UNA's earliest predecessor was LaGrange College, which arose from the idea offered at an 1826 meeting of the Tennessee Conference of the Methodist Episcopal Church to establish a college which would not be "religious or theological". By January 1829, the selection of Lawrence Hill on LaGrange Mountain, about 15 miles south of Florence, was made for the site of the school, and the college opened on January 11, 1830, to students of all denominations in two three-story brick buildings.

LaGrange graduate Richard H. Rivers, after becoming president of the college, led most of the students and all but one faculty member from the mountain in late 1854 to relocate to Florence and re-incorporate it as Florence Wesleyan University, with 160 students enrolled in its first year of operation.
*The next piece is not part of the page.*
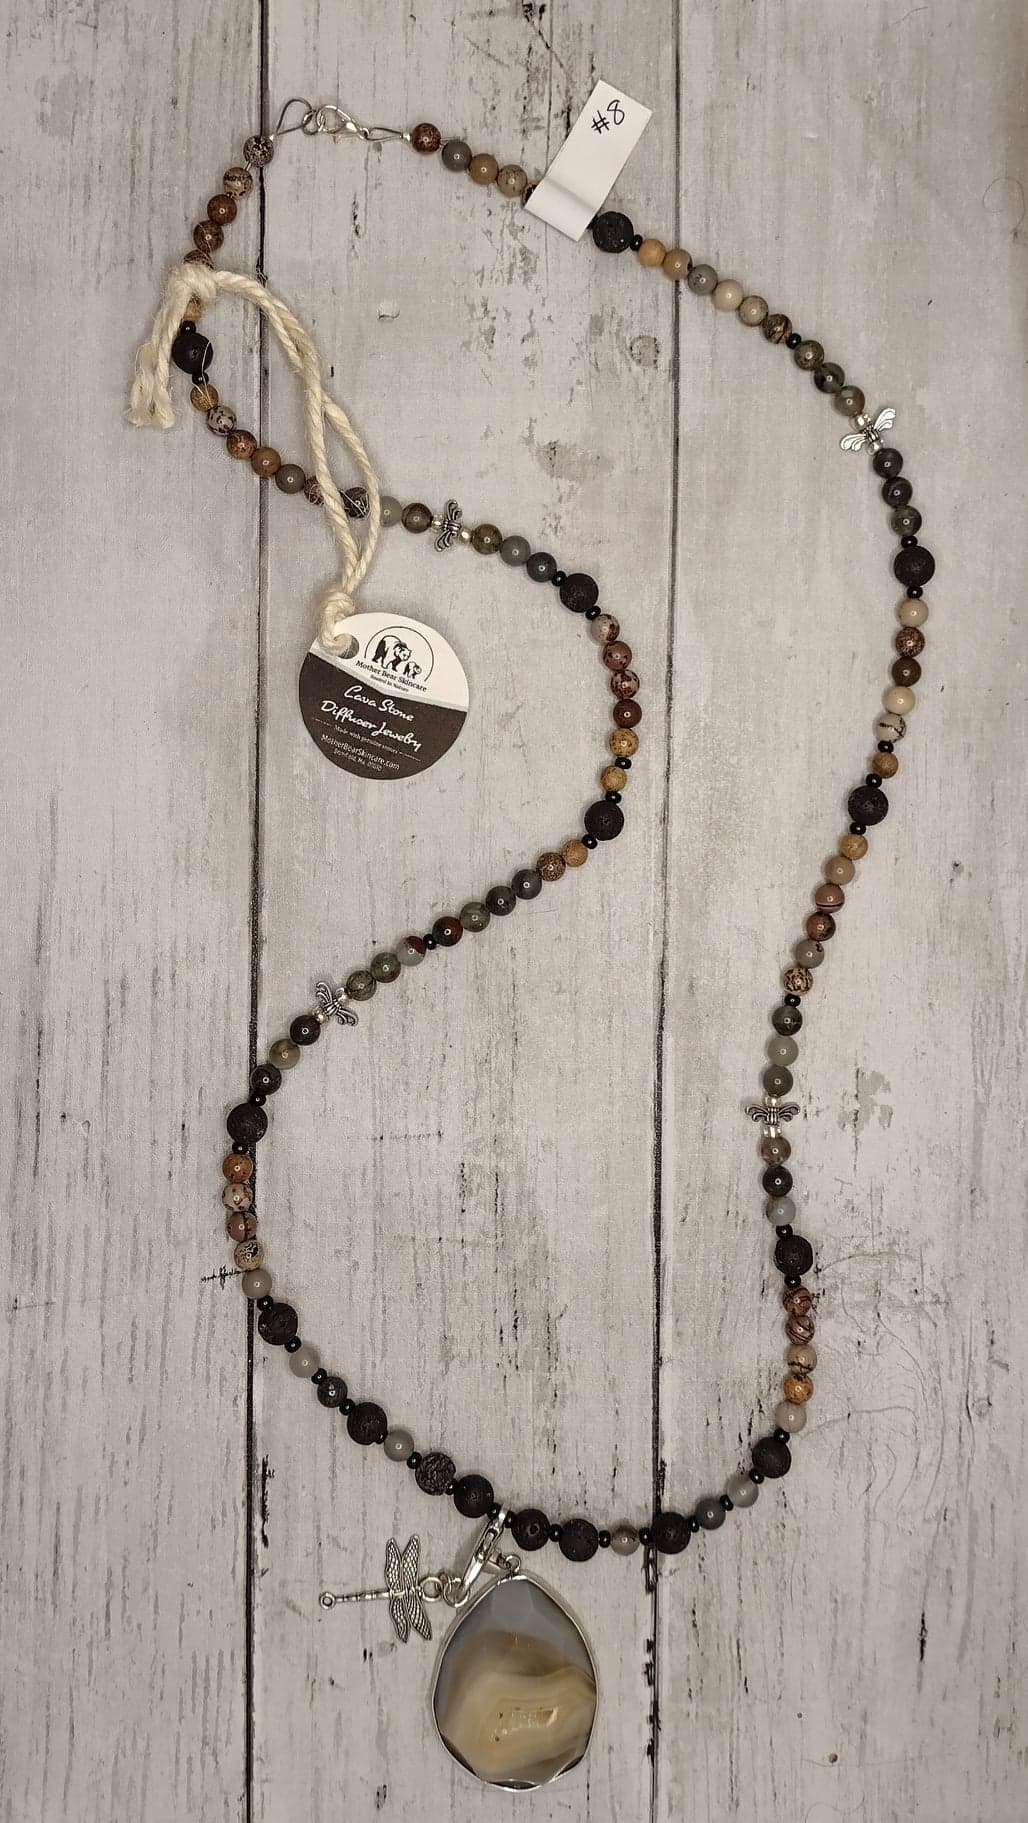 Handmade Lava Stone Necklace made with Naturally Sourced Lava Stones to Promote Emotional & Spiritual Healing~Apparel & Accessories~Jewelry~Necklaces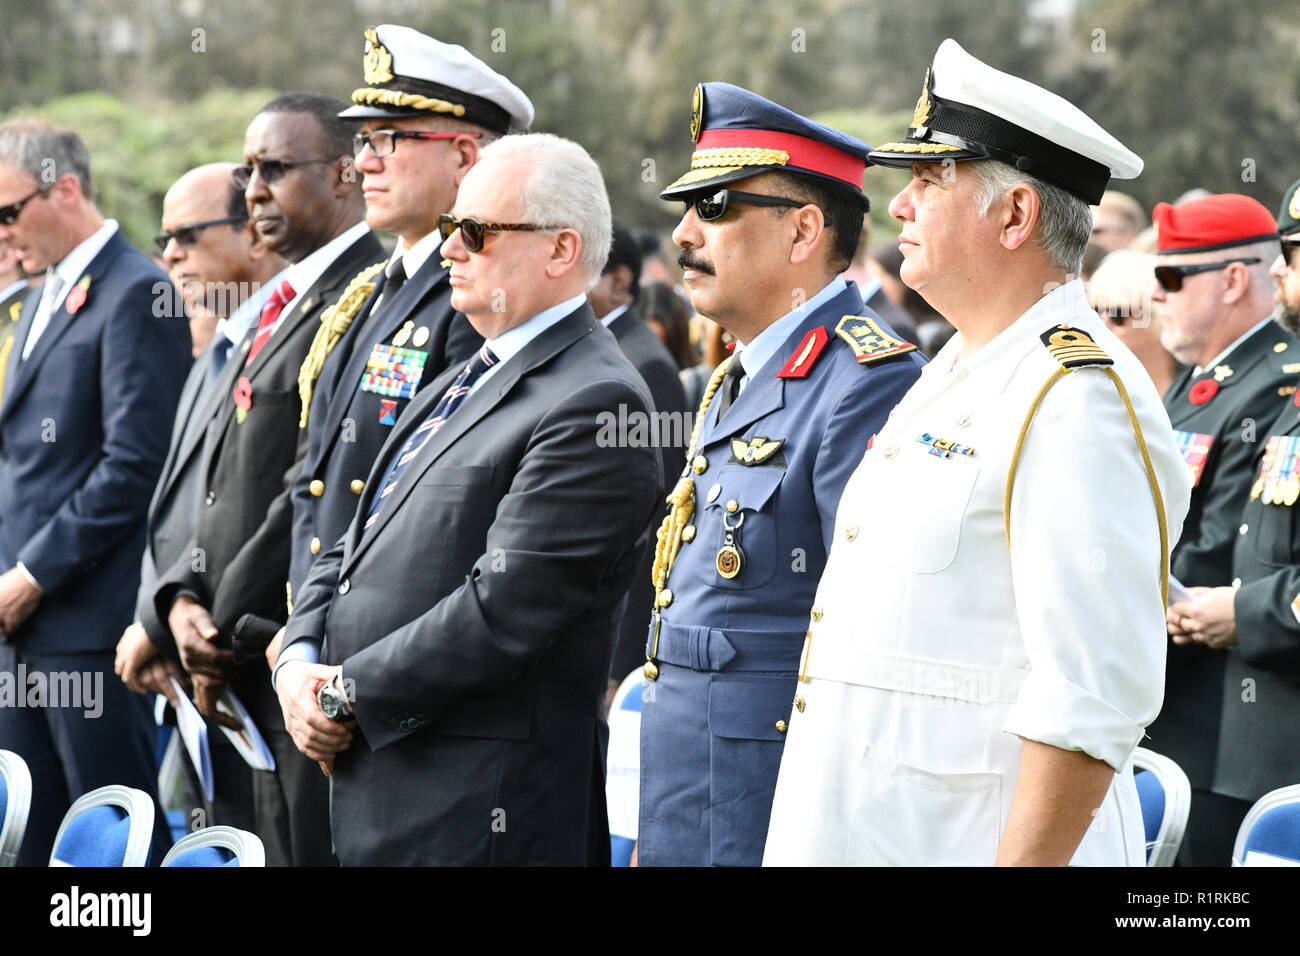 Participant in the commemoration ceremony at the Commonwealth Cemetery in Heliopolis on the occasion of the 100th anniversary of the ceasefire of November 11, 1918, taken on November 11, 1818. This historic event was commemorated in Cairo with wreath-laying ceremonies and solemn ceremonies of former war participants. The joint German-French kick-off event at the German Protestant High School Cairo was followed by a wreath-laying ceremony at the German and French cemeteries in Cairo, followed by a reception by the French ambassador. Afterwithday, the event ended at the Commonwealth Cemetery in Stock Photo

In 1858, the remnant of the original LaGrange College was re-established as LaGrange College and Military Academy, which continued to operate until 1863, when the buildings were destroyed by Union soldiers of the 10th Missouri Cavalry. However, Florence Wesleyan was saved from destruction during the Civil War.

When the Methodist Church deeded Florence Wesleyan to the State of Alabama in 1872, the institution became the State Normal School at Florence, the first state-supported teachers college south of the Ohio River. Shortly thereafter, it became one of the first co-educational institutions in the nation; in 1874, 31 young women enrolled. In 1929, it became a state teachers college offering a four-year curriculum in elementary education. In 1947, the curriculum was expanded again to include A.B. and B.S. degree programs in fields other than teacher training. In 1956, the institution formed a graduate course of study, and the following year, the Alabama Legislature voted to change the institution's name to Florence State College. In 1963, Wendell Wilkie Gunn became the first African-American student to enroll at the college, after a hearing that lasted only ten minutes.

In 1967 the Alabama Legislature removed jurisdiction for the college from the State Board of Education and vested it in a board of trustees. A year later, the new board voted for another name change to Florence State University, accompanied by the establishment of separate schools within the university. Less than a decade later, on August 15, 1974, the university underwent another change of name to the University of North Alabama, symbolizing its coming of age as a comprehensive, regional university.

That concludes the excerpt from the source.